PROBLEM DESCRIPTION:
Only the lines from the one with "Our partner soluzioni cashless" through the end of the data below belong in the answer, restated word for word, pictures excluded.

STORED DATA:
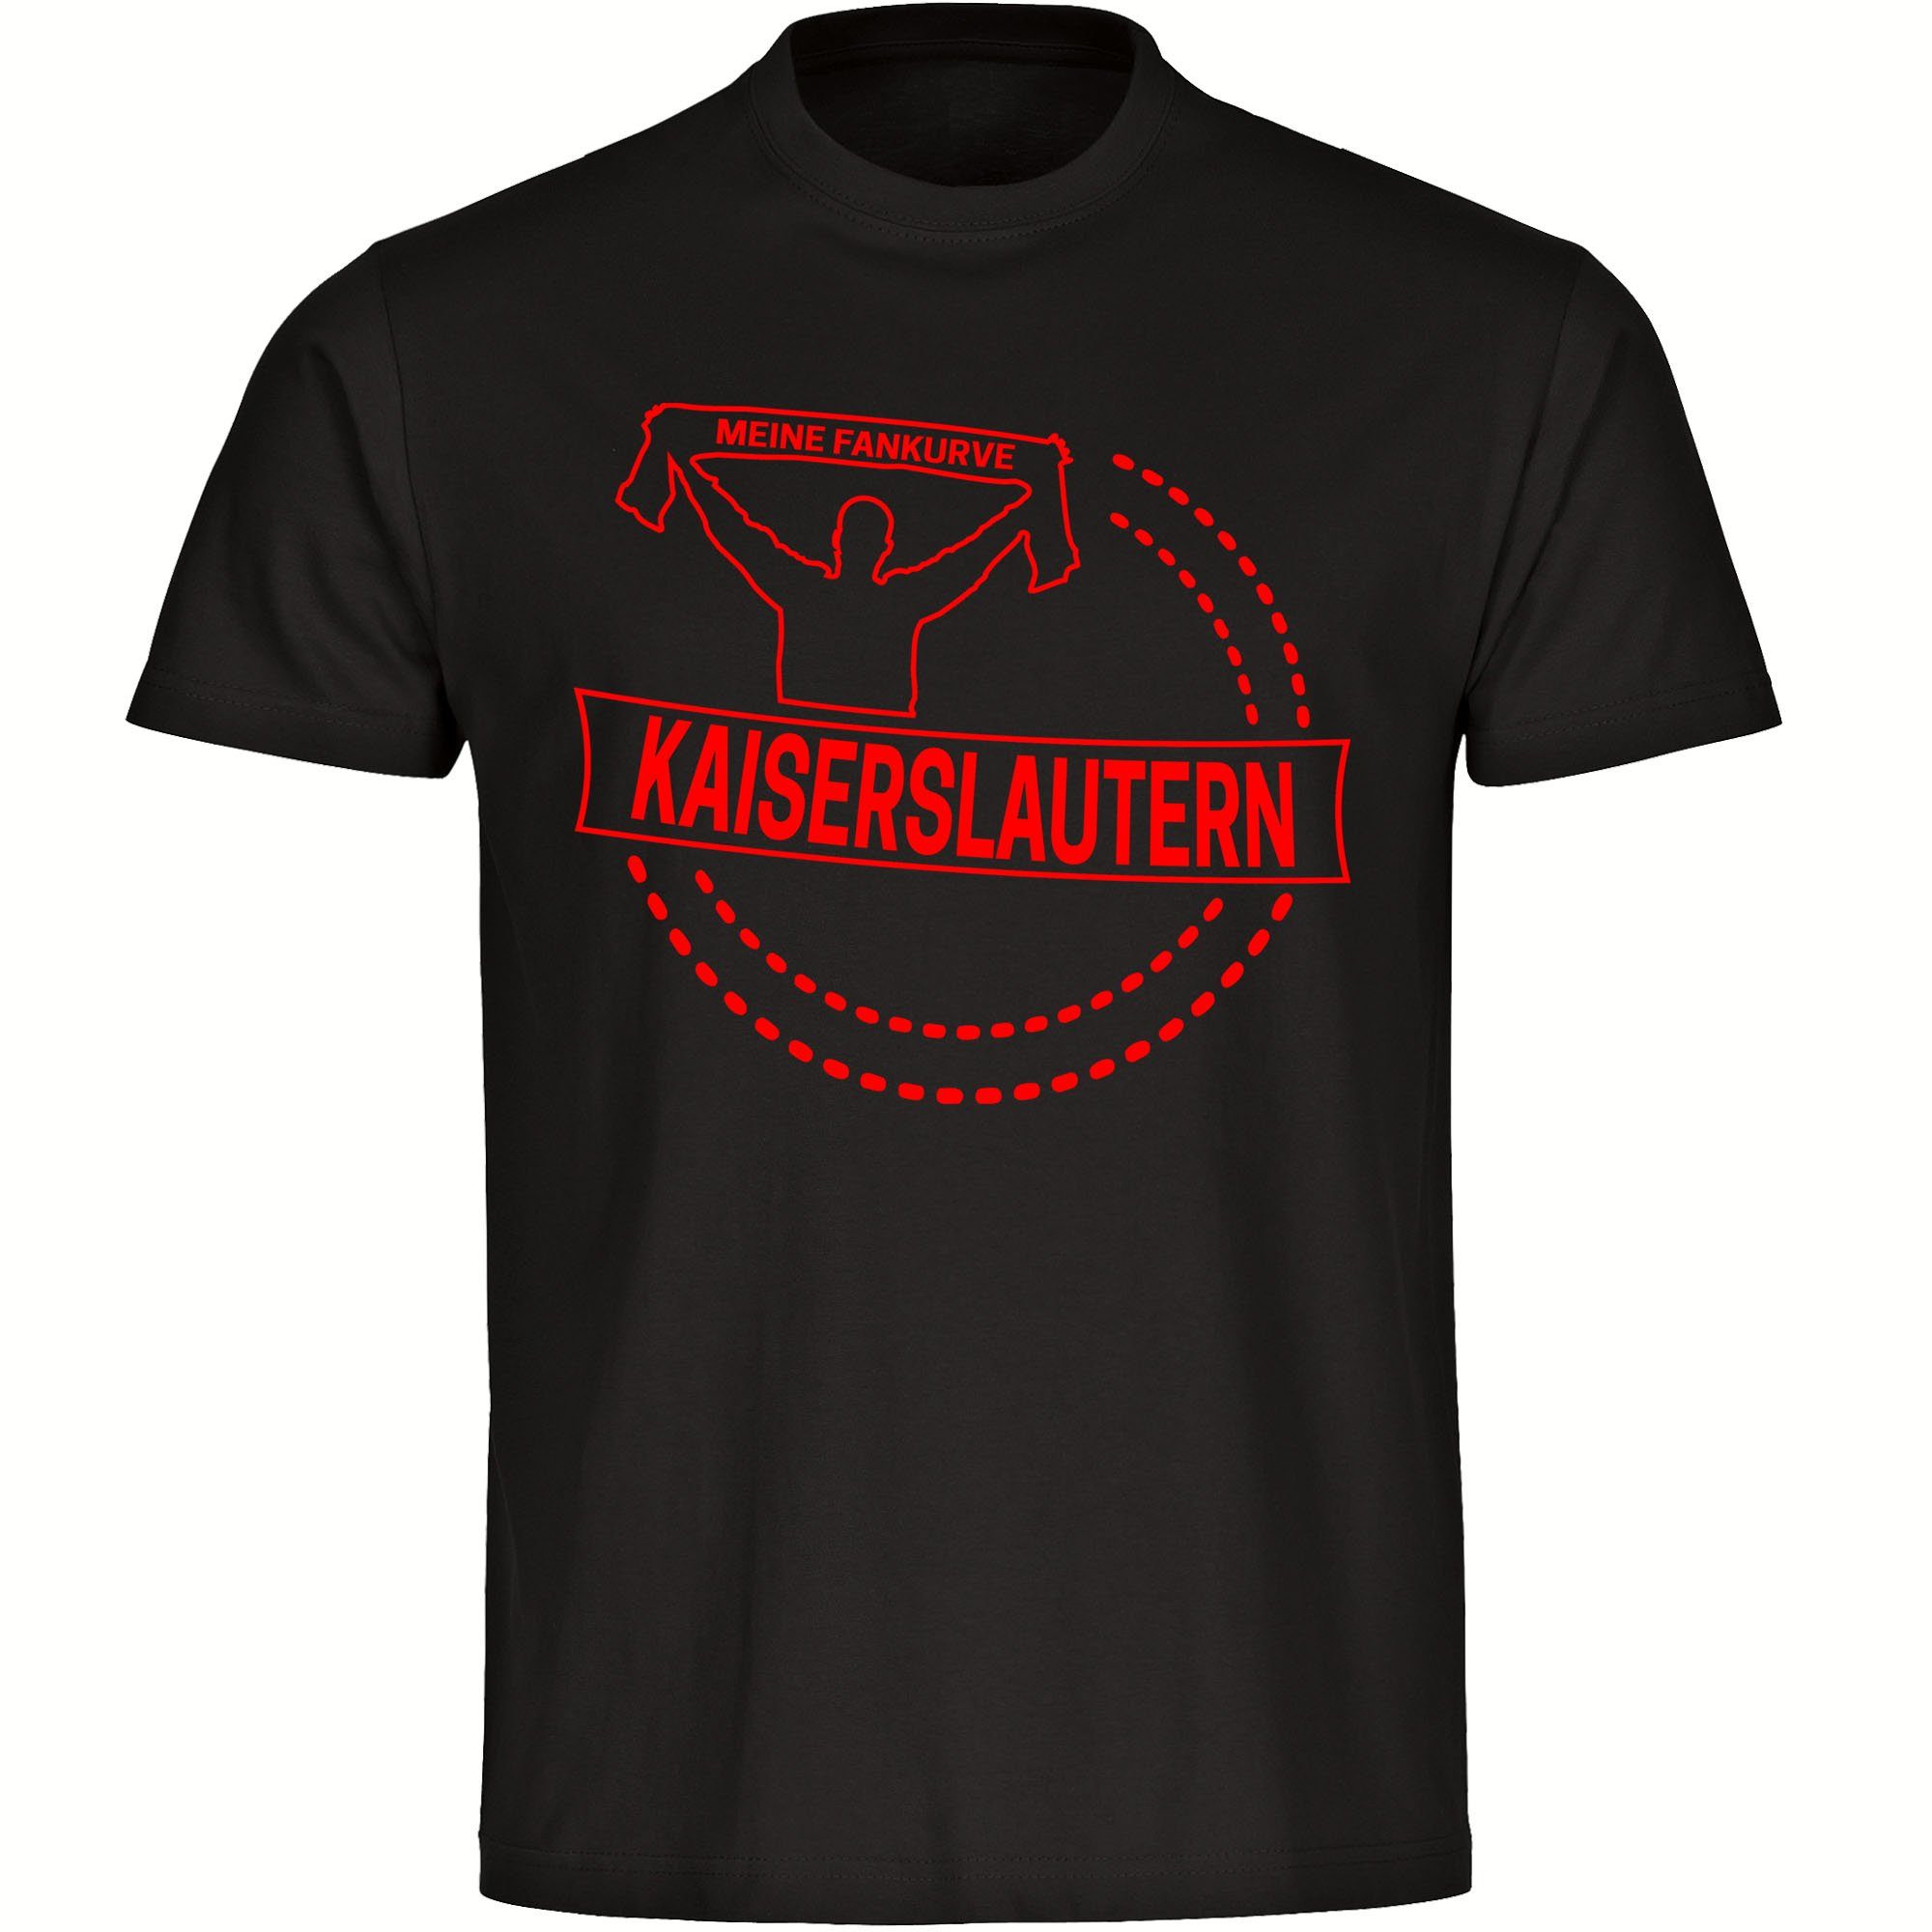 multifanshop T-Shirt Kinder Kaiserslautern - Meine Fankurve - Boy Girl
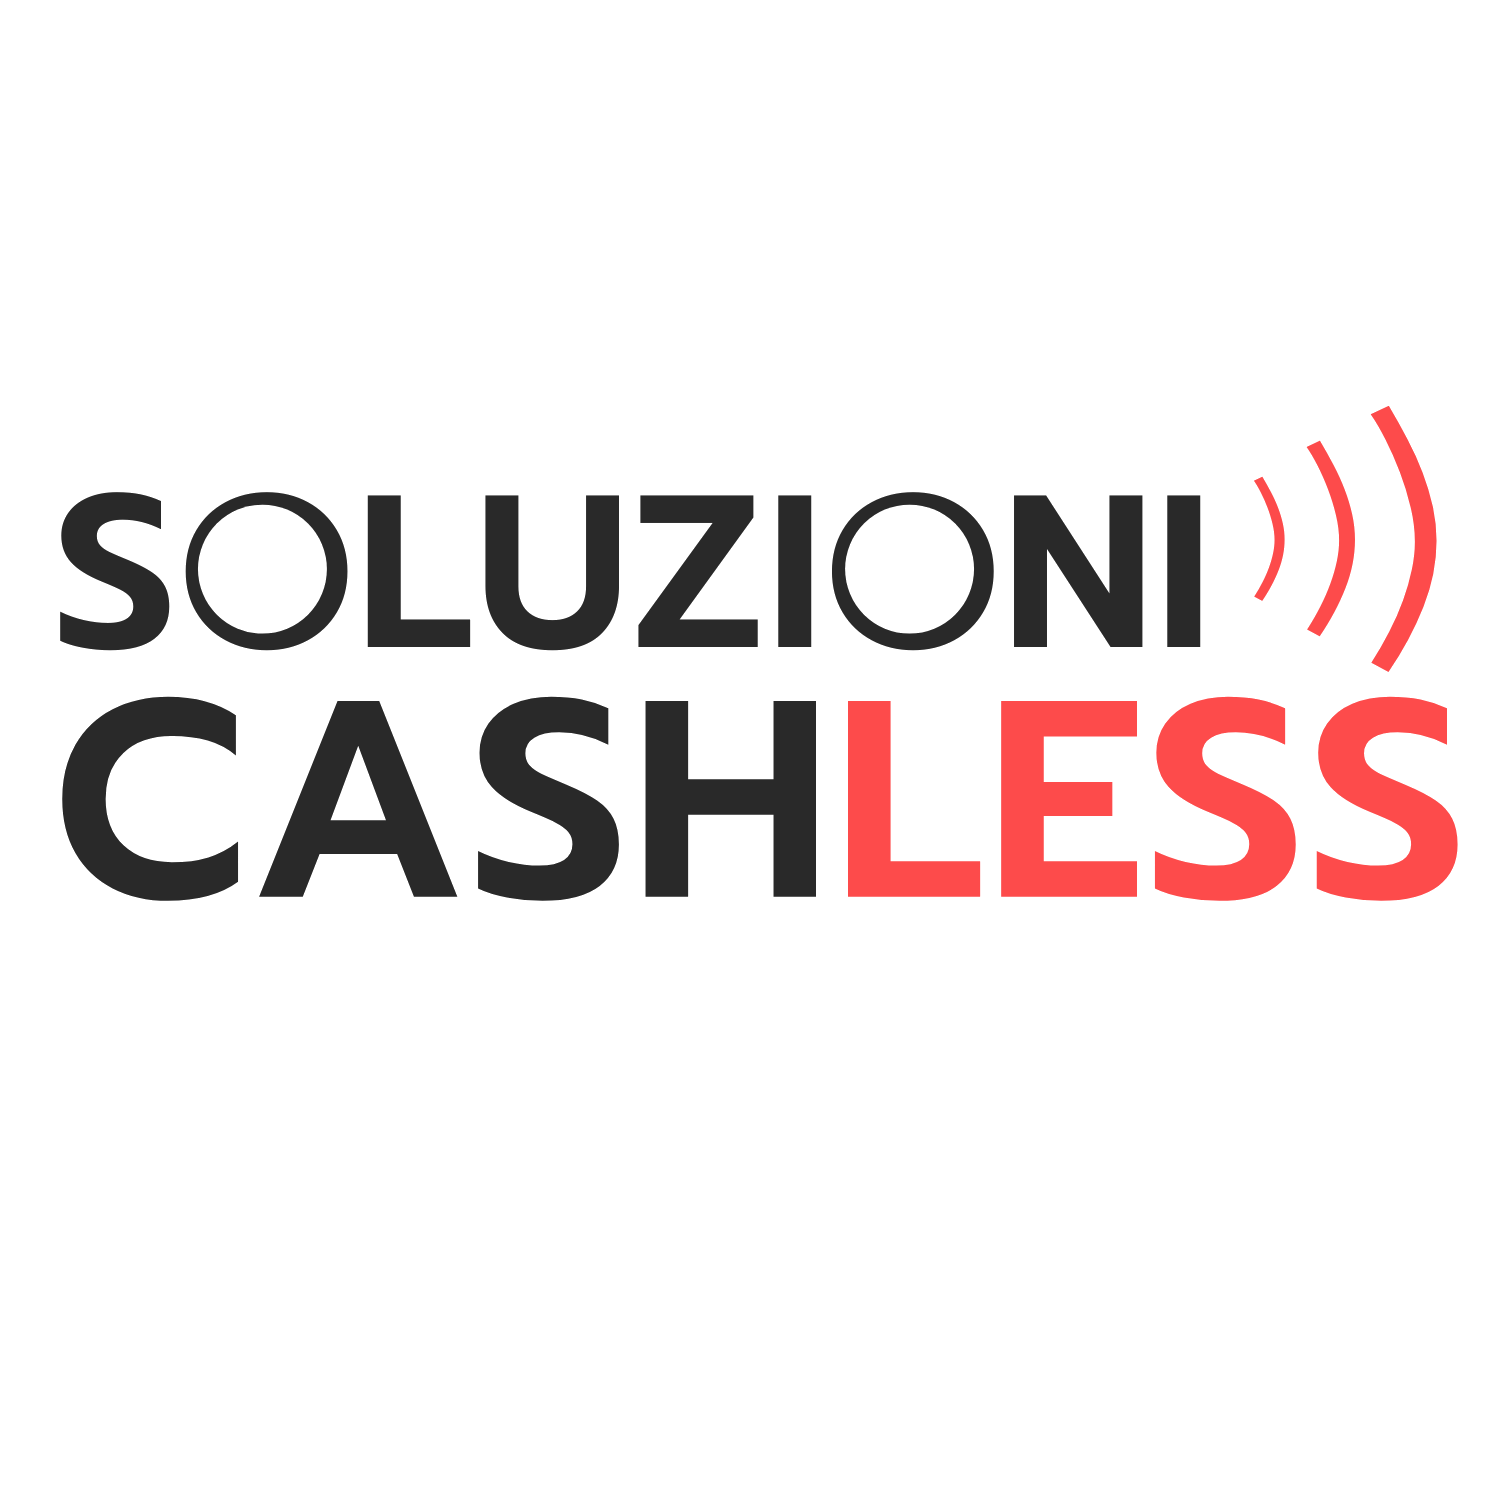 Our partner soluzioni cashless
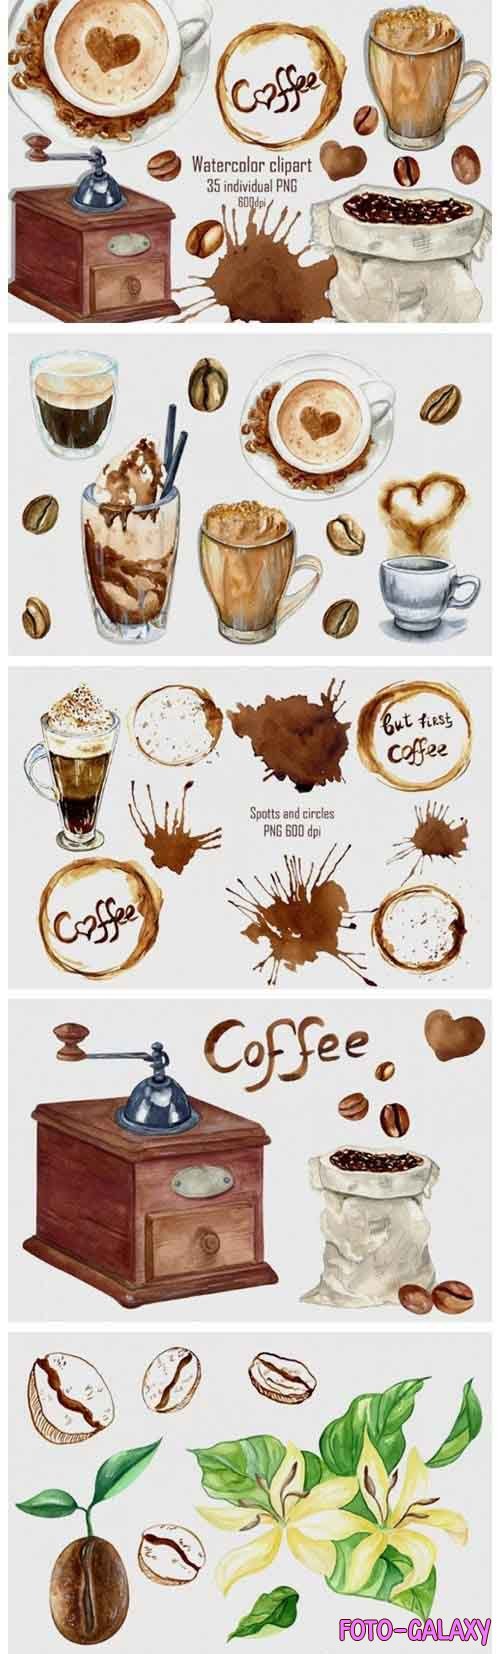 Watercolor coffee clipart, Coffee png, Coffee shop menu - 1205099

FINAL ANSWER:
 Our partner soluzioni cashless
 Watercolor coffee clipart, Coffee png, Coffee shop menu - 1205099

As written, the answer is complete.